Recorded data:
☆ ☆ ☆ ☆ ☆
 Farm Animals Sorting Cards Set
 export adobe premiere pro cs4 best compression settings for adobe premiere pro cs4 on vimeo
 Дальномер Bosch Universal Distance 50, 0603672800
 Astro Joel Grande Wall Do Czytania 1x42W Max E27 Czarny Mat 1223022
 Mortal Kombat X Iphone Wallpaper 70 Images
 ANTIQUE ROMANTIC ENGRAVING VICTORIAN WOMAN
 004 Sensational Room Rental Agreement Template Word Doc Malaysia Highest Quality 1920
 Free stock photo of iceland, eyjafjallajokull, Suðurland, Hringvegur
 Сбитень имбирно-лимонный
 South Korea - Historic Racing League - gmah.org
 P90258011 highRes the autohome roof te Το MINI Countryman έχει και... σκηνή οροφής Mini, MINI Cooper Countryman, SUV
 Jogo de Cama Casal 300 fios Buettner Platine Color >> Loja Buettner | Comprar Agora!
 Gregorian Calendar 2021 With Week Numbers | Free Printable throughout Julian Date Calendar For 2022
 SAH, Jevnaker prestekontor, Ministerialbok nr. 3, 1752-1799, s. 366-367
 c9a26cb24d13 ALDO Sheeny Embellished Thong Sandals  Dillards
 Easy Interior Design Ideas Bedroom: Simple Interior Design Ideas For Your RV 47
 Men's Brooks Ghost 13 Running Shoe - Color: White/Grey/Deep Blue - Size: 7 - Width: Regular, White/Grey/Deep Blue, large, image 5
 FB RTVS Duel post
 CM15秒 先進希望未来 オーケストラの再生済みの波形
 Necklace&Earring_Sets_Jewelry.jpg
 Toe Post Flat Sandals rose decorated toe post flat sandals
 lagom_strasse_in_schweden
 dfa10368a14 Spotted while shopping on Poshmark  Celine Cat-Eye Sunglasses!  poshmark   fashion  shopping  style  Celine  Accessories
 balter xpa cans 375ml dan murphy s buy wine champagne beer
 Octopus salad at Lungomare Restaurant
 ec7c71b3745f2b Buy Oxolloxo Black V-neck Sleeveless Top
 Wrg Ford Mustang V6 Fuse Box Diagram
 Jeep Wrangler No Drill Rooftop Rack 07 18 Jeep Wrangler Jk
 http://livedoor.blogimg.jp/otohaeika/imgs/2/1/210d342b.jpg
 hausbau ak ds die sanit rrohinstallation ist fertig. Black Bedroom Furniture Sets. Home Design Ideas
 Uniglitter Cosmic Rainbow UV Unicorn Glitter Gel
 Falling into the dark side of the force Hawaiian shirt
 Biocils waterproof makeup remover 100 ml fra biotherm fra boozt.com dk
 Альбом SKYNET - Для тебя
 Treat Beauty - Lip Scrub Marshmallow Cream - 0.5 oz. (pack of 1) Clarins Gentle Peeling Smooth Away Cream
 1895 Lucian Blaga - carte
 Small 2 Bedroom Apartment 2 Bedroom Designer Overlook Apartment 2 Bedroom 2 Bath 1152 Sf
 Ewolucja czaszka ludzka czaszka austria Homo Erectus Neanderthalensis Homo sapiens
☆ ☆ ☆ ☆ ☆
## Description of the task
Would you output, unchanged, each line from the start of the records to the line that holds "Octopus salad at Lungomare Restaurant", both included and nothing else?

## Answer space
 Farm Animals Sorting Cards Set
 export adobe premiere pro cs4 best compression settings for adobe premiere pro cs4 on vimeo
 Дальномер Bosch Universal Distance 50, 0603672800
 Astro Joel Grande Wall Do Czytania 1x42W Max E27 Czarny Mat 1223022
 Mortal Kombat X Iphone Wallpaper 70 Images
 ANTIQUE ROMANTIC ENGRAVING VICTORIAN WOMAN
 004 Sensational Room Rental Agreement Template Word Doc Malaysia Highest Quality 1920
 Free stock photo of iceland, eyjafjallajokull, Suðurland, Hringvegur
 Сбитень имбирно-лимонный
 South Korea - Historic Racing League - gmah.org
 P90258011 highRes the autohome roof te Το MINI Countryman έχει και... σκηνή οροφής Mini, MINI Cooper Countryman, SUV
 Jogo de Cama Casal 300 fios Buettner Platine Color >> Loja Buettner | Comprar Agora!
 Gregorian Calendar 2021 With Week Numbers | Free Printable throughout Julian Date Calendar For 2022
 SAH, Jevnaker prestekontor, Ministerialbok nr. 3, 1752-1799, s. 366-367
 c9a26cb24d13 ALDO Sheeny Embellished Thong Sandals  Dillards
 Easy Interior Design Ideas Bedroom: Simple Interior Design Ideas For Your RV 47
 Men's Brooks Ghost 13 Running Shoe - Color: White/Grey/Deep Blue - Size: 7 - Width: Regular, White/Grey/Deep Blue, large, image 5
 FB RTVS Duel post
 CM15秒 先進希望未来 オーケストラの再生済みの波形
 Necklace&Earring_Sets_Jewelry.jpg
 Toe Post Flat Sandals rose decorated toe post flat sandals
 lagom_strasse_in_schweden
 dfa10368a14 Spotted while shopping on Poshmark  Celine Cat-Eye Sunglasses!  poshmark   fashion  shopping  style  Celine  Accessories
 balter xpa cans 375ml dan murphy s buy wine champagne beer
 Octopus salad at Lungomare Restaurant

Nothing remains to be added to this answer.